Part of me is convinced that all chefs were viking warriors in some past life. I've never worked in a kitchen and I doubt the TV shows really give an accurate depiction but if most chefs are like the ones who roll with Gordon Ramsey, its very easy to see how it becomes a battlefield. I haven't really understood the psychology behind making food your craft, but the dynamics of a restaurant are kind of like a battlefield on a grand scale. The food seems almost irrelevant, its more like the final proof, the litmus test for whether or not its worth it

by Anonymous 1 week ago

Its not about serving food, its about serving perfection to fickle stupid people and getting them to agree its perfection, which is one of the most satisfying things there is

by Anonymous 1 week ago

Every chef I've ever met had some frothing self hatred going on. I'd call that projection. Look up Gordon Ramsey and Norm MacDonald on Conan. "Why would you become a cook?!?"🤣

by Anonymous 1 week ago

Because clients and waiters don't understand physics or cooking times, they believe their hunger, their need for tips, and being way too on the nose, can speed up the time it takes for food to be cooked.

by Anonymous 1 week ago

Dumb question but what would make it so kitchens aren't so hectic? More room? More cooks? Customers who don't mine waiting?

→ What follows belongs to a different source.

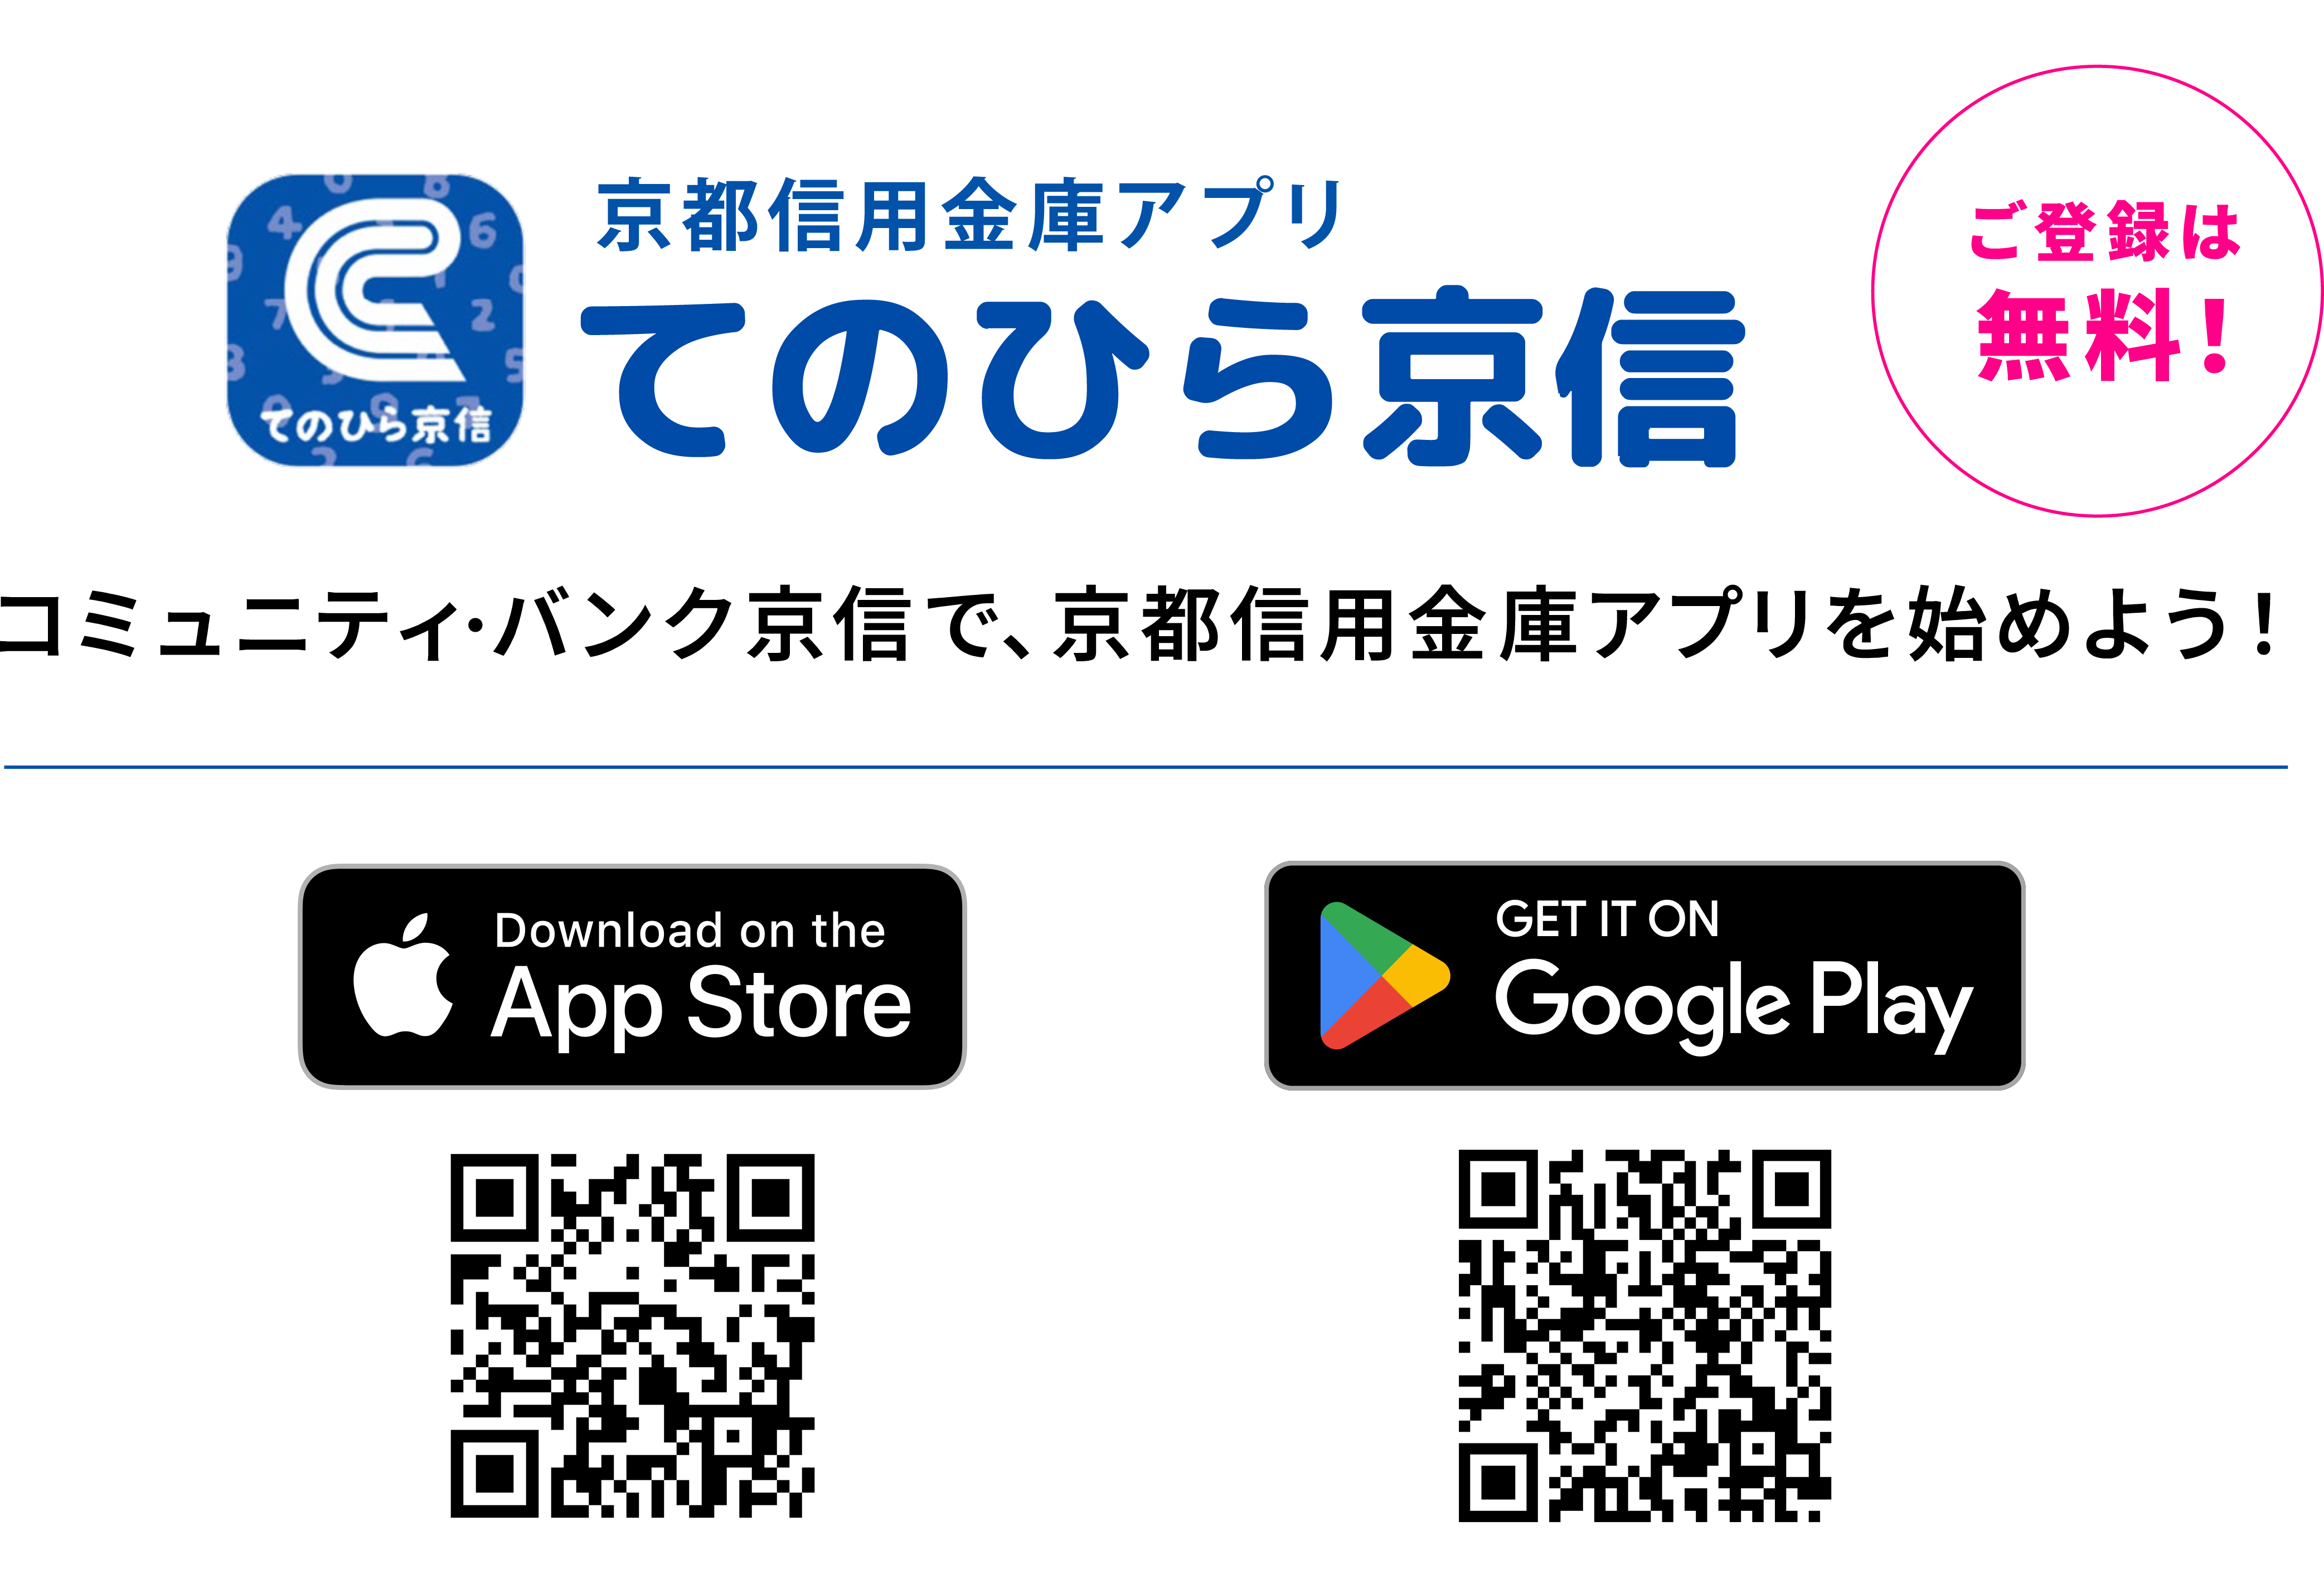 京信バンキングアプリ ご登録は無料！ てのひら京信 コミュニティバンク京信で、京都信用金庫アプリを始めよう！

by Aggressive-Swing-273 1 week ago

Idk, maybe food made with hatred is just better.

by Anonymous 1 week ago

You've never worked in a real kitchen and it shows. People don't get mad just because someone is in the way. There can be 6 or more chefs in a kitchen, each one responsible for different aspects of meals and dishes. They rely on each other to be in perfect syncronicity so they can serve entire tables at the same time. If one chef is 2 minutes behind on a component then your steak could end up overcooked. It's not life or death, but it's important

by JealousAd5341 1 week ago

The PAYING customers will bitch about their food taking too long. That's the only reason this happens. It's always money

by Oyost 1 week ago

Time managment is very stressful. It's hard to microwave my fried rice sometimes. I completely understand the stress.